Results & Discussion#
Seasonal Performance#
High flow periods reduce residence times, leading to lower log-removal. Systems must be designed for worst-case (high flow) conditions.
Heterogeneous System Behavior#
Overall performance is weighted toward shortest residence times (worst-performing flow paths), providing natural safety margins in design.
Engineering Design#
Trade-off between water production and treatment efficiency
Design for worst-case: high flow (short RT) + low temperature (low decay rate)
Monitor performance during high-flow periods
Key Takeaways#
Two-Component Model: Total removal = inactivation (time-dependent, modeled by gwtransport) + attachment (geometry-dependent, user-specified)
Residence Time Dependency: Longer underground residence = better pathogen removal
Flow Rate Trade-off: Higher pumping rates reduce treatment efficiency
Heterogeneous Systems: Overall performance weighted toward worst-performing flow paths
Design for Worst Case: High flow + low temperature = minimum removal
Engineering Design Summary#
Inactivation rates: Use
decay_rate_to_log10_decay_rate()to convert published natural-log rates.

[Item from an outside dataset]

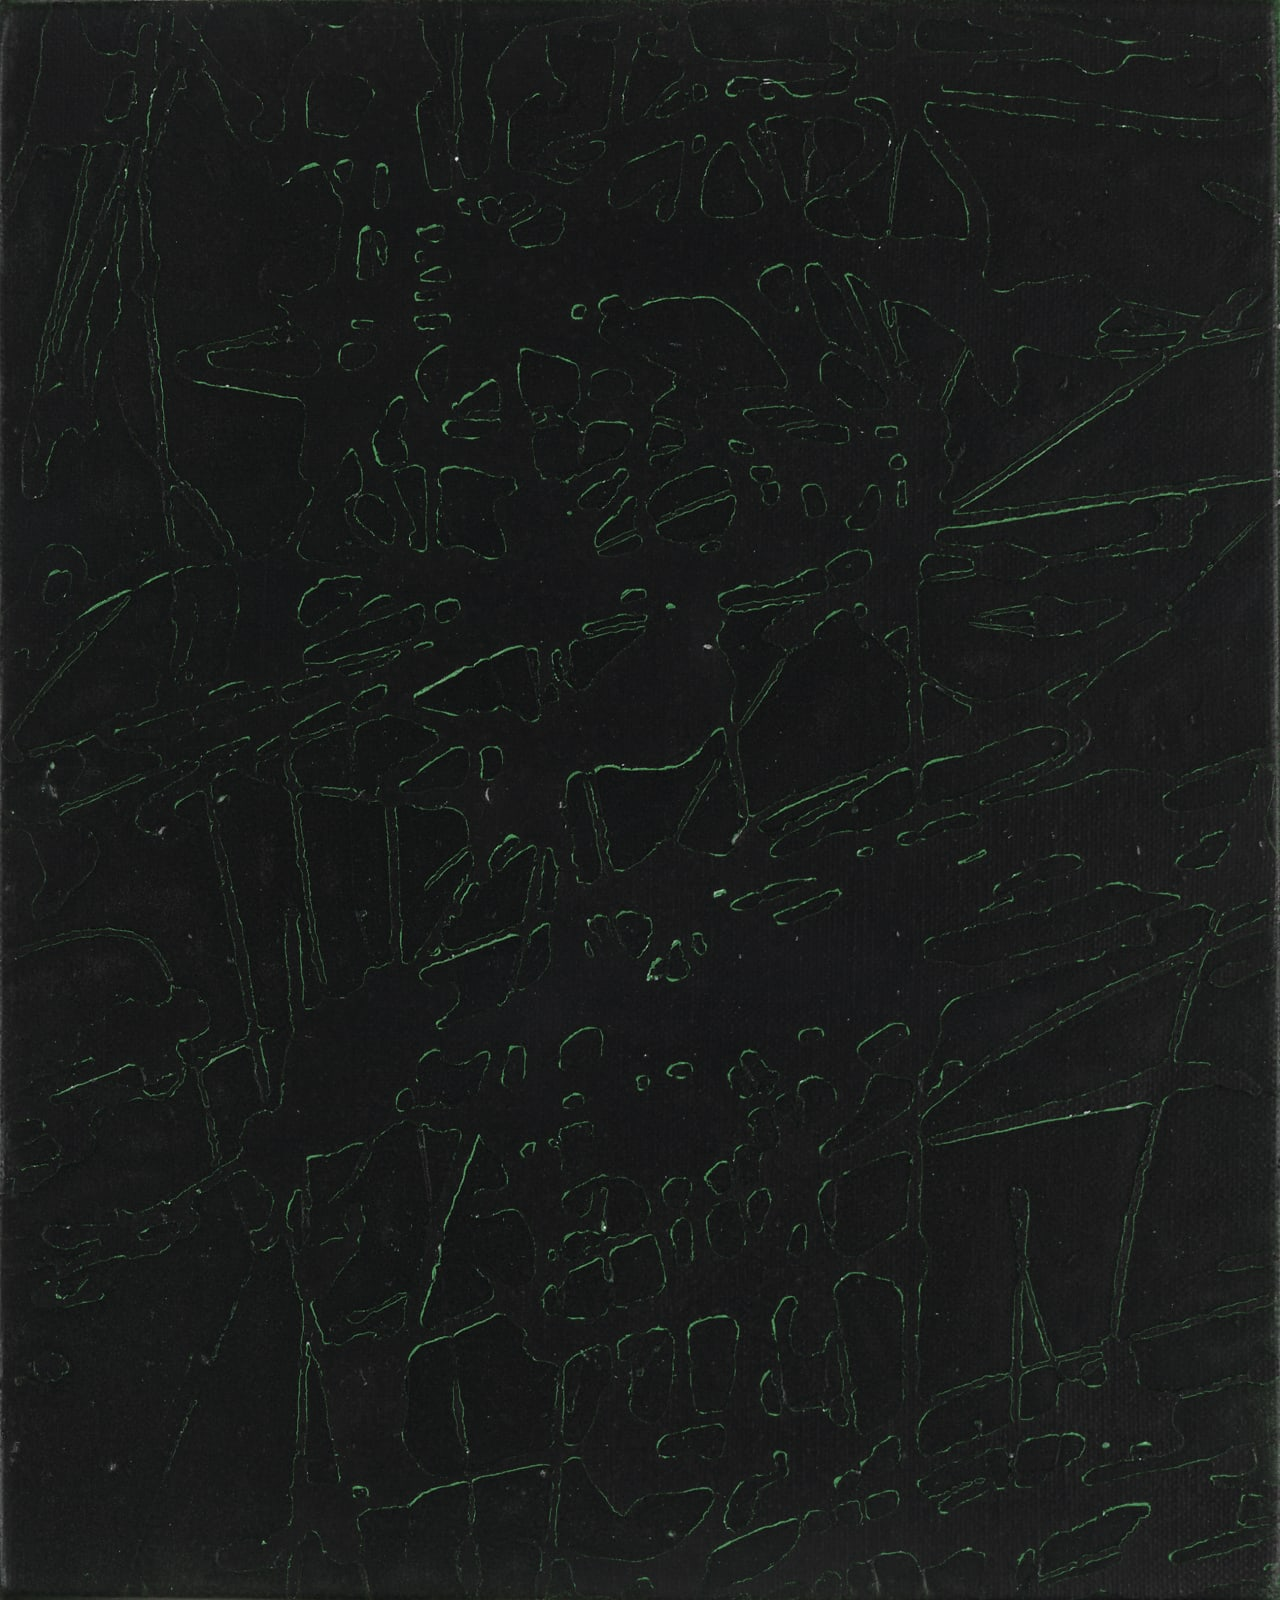 Xiao Bo 蕭搏, Sketches 2017 – Black 2 草圖 2017 – 黑色 2, 2017

Key reference: Schijven and Hassanizadeh (2000) Table 7. MS2 is the standard worst-case model virus.Maximum safe flow: Use
gamma_find_flow_for_target_mean()to find the maximum flow rate achieving a target inactivation level.Temperature dependence: Design for winter conditions (lowest temperatures, lowest inactivation rates). Regression: \(\ln(\mu_l) = a \cdot T + b\).